EXERCISE
Once the line containing "CHIC SUMMER DRESS サマードレスのシックな装い" is found in the data below, repeat it and every later line exactly, leaving the pictures out.

DATA PROVIDED
==================================================
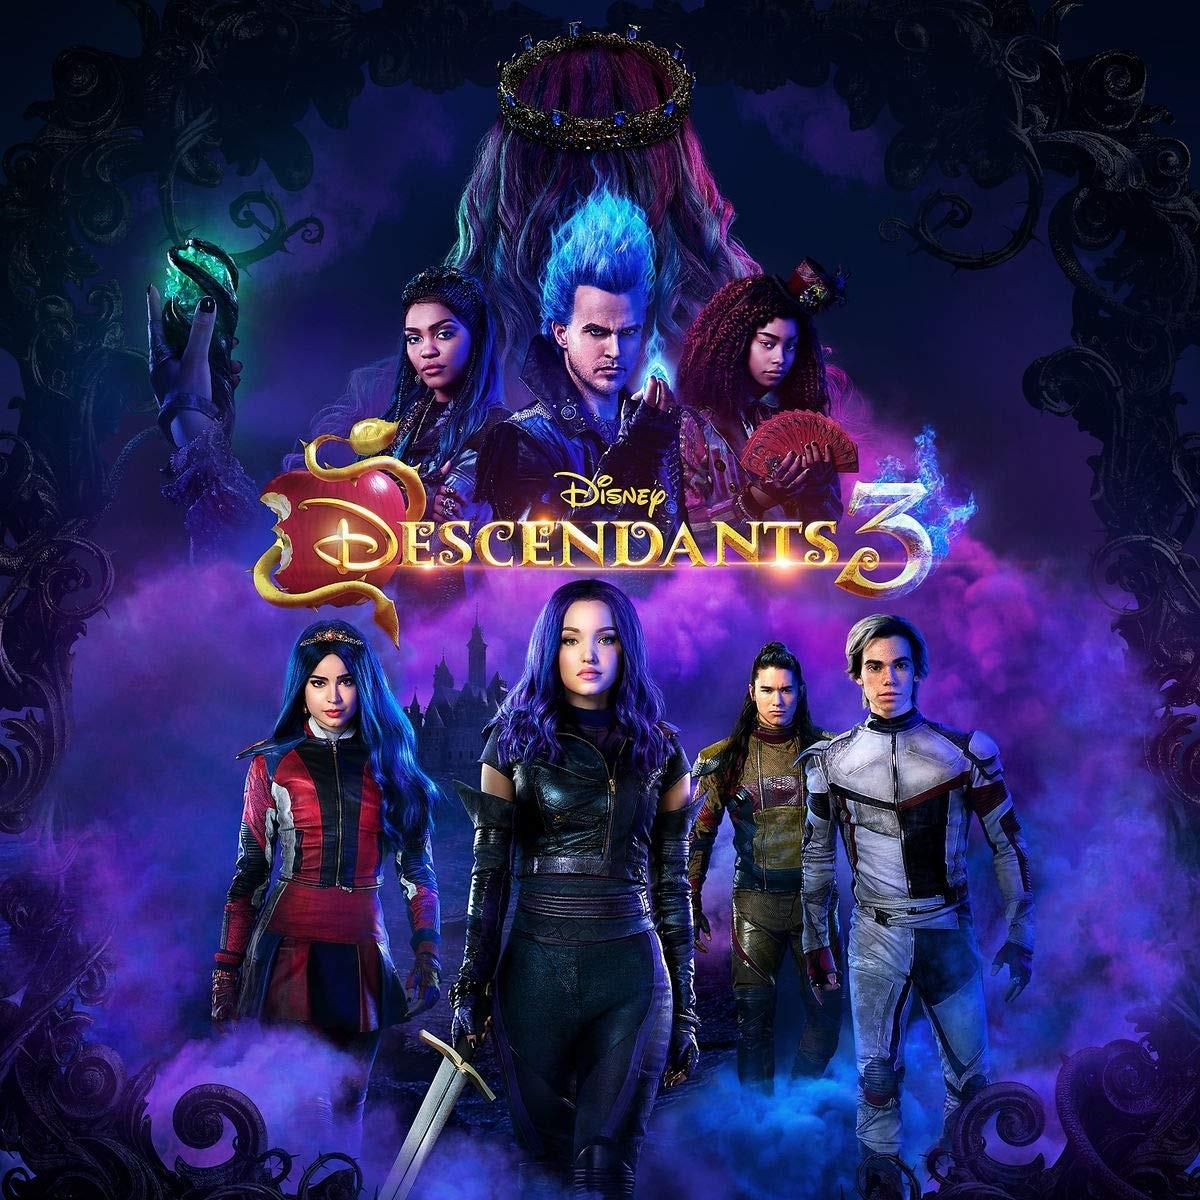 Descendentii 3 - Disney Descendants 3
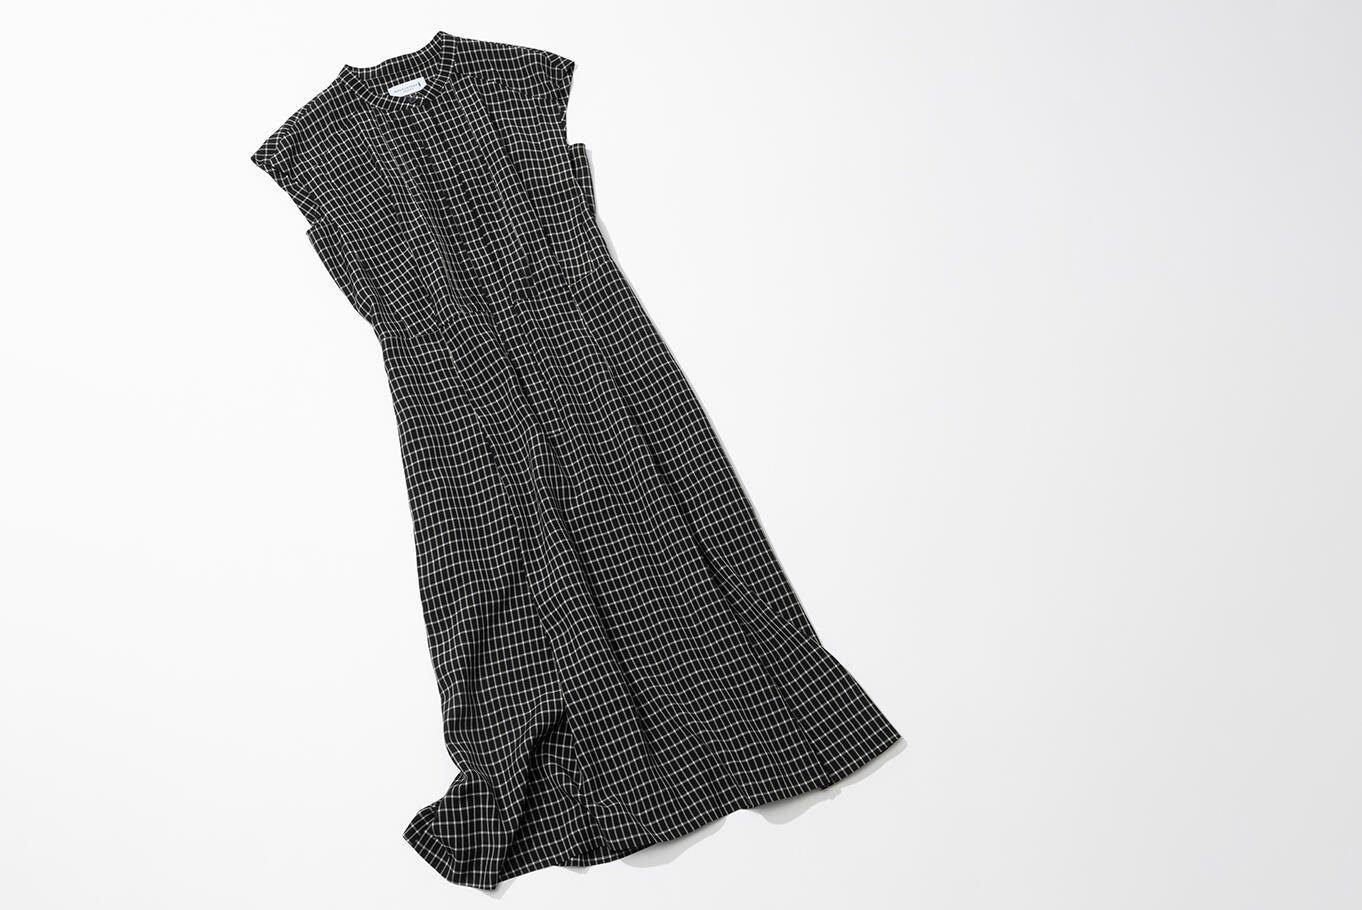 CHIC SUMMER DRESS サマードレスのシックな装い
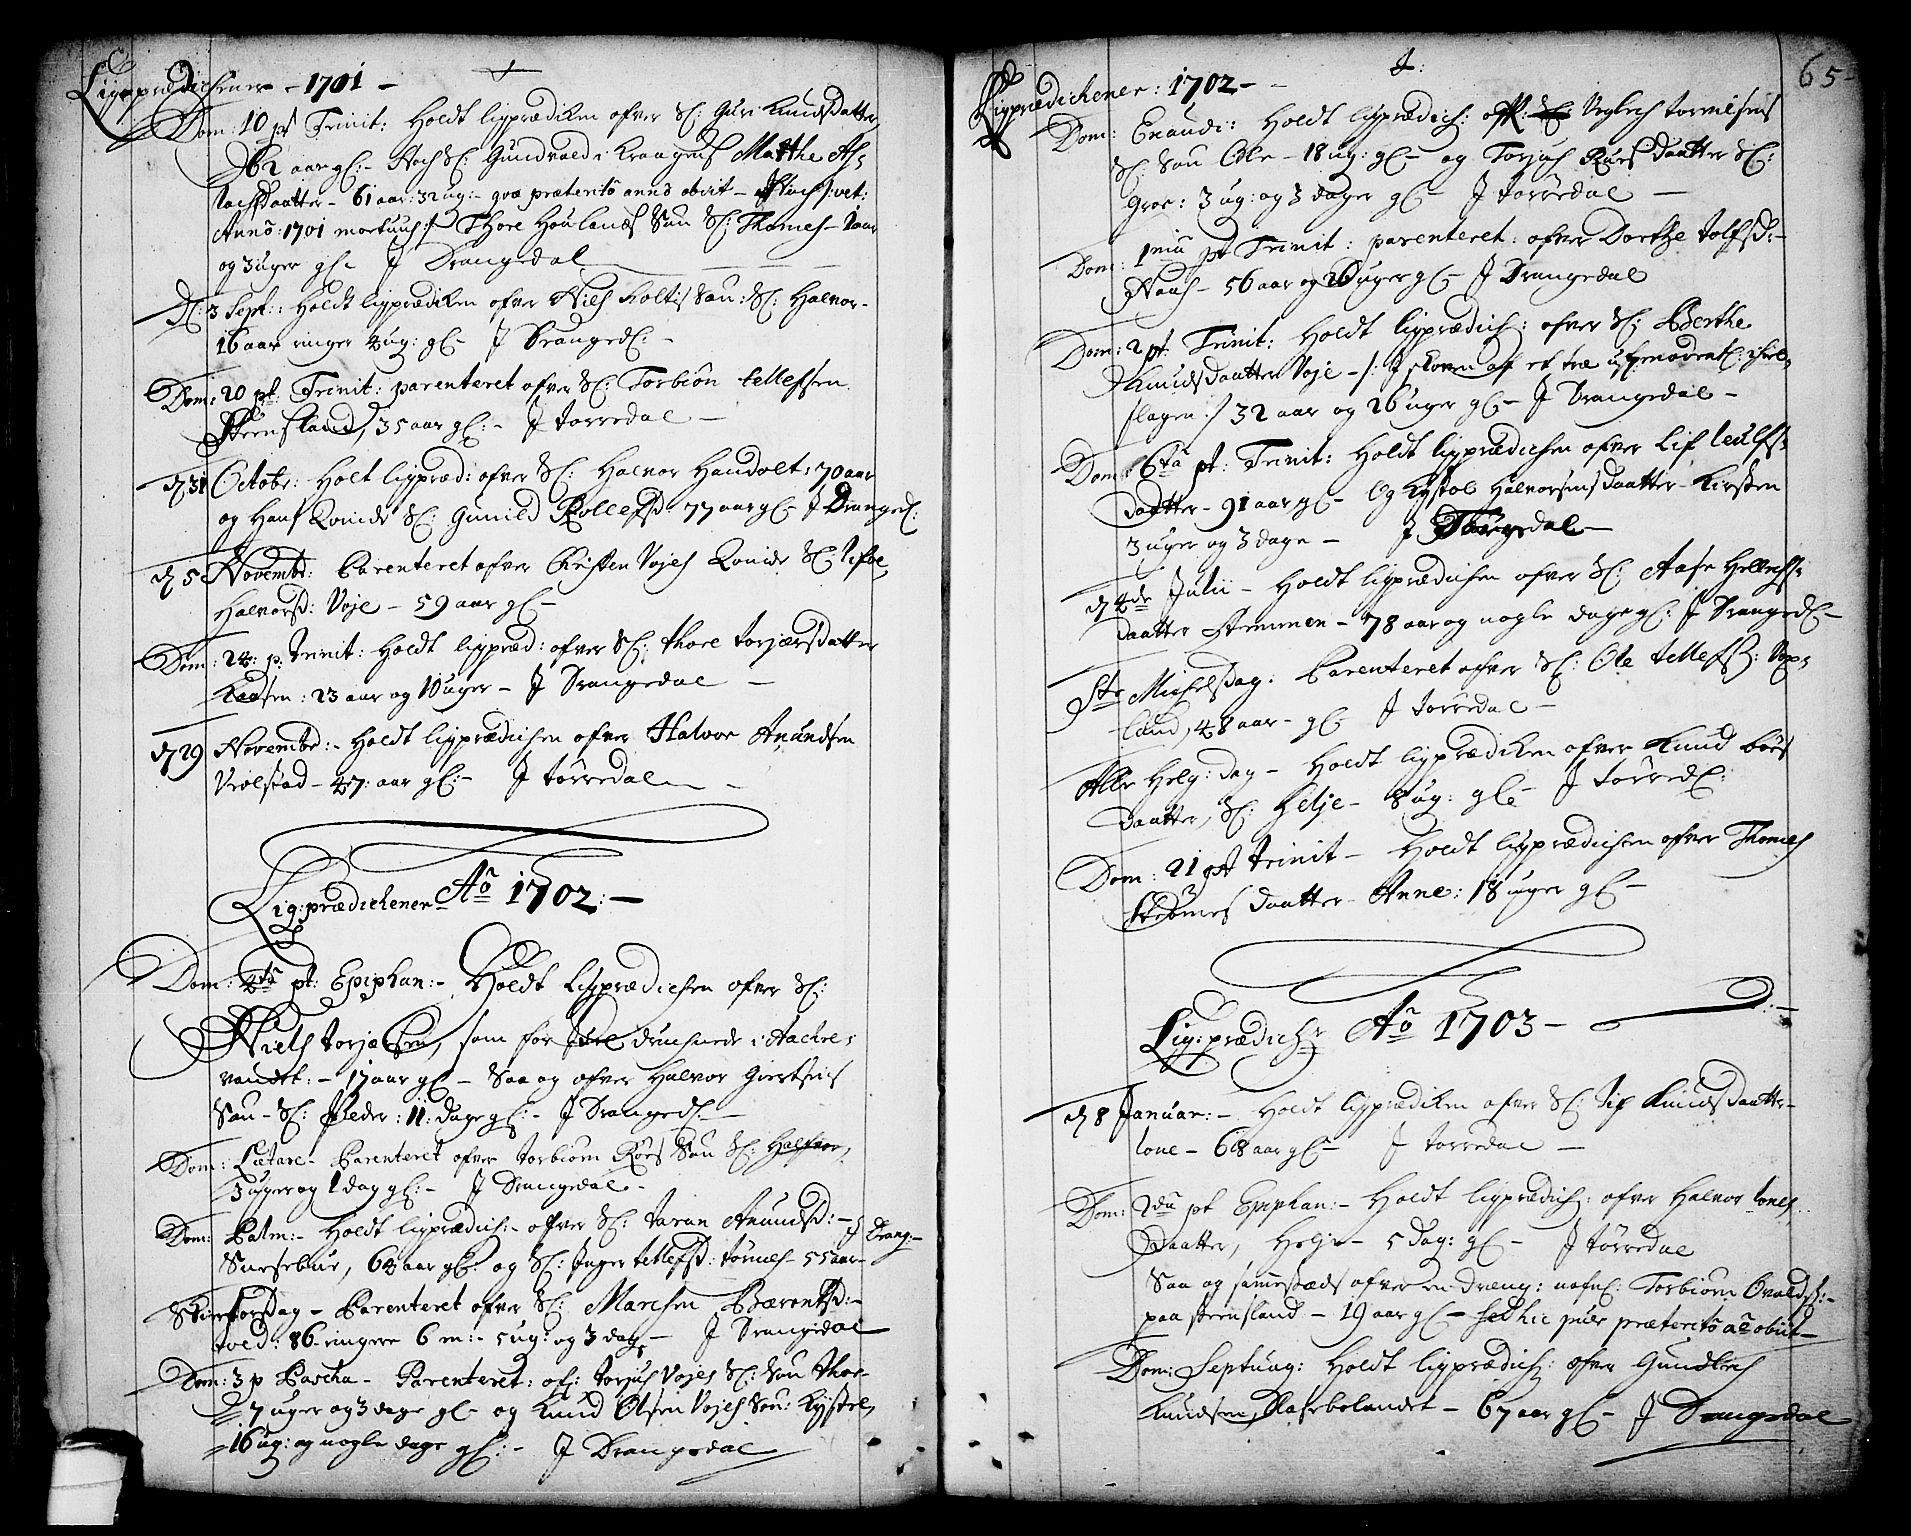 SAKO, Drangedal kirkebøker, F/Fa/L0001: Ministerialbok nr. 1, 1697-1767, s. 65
==================================================
EXERCISE RESULT
 CHIC SUMMER DRESS サマードレスのシックな装い
 SAKO, Drangedal kirkebøker, F/Fa/L0001: Ministerialbok nr. 1, 1697-1767, s. 65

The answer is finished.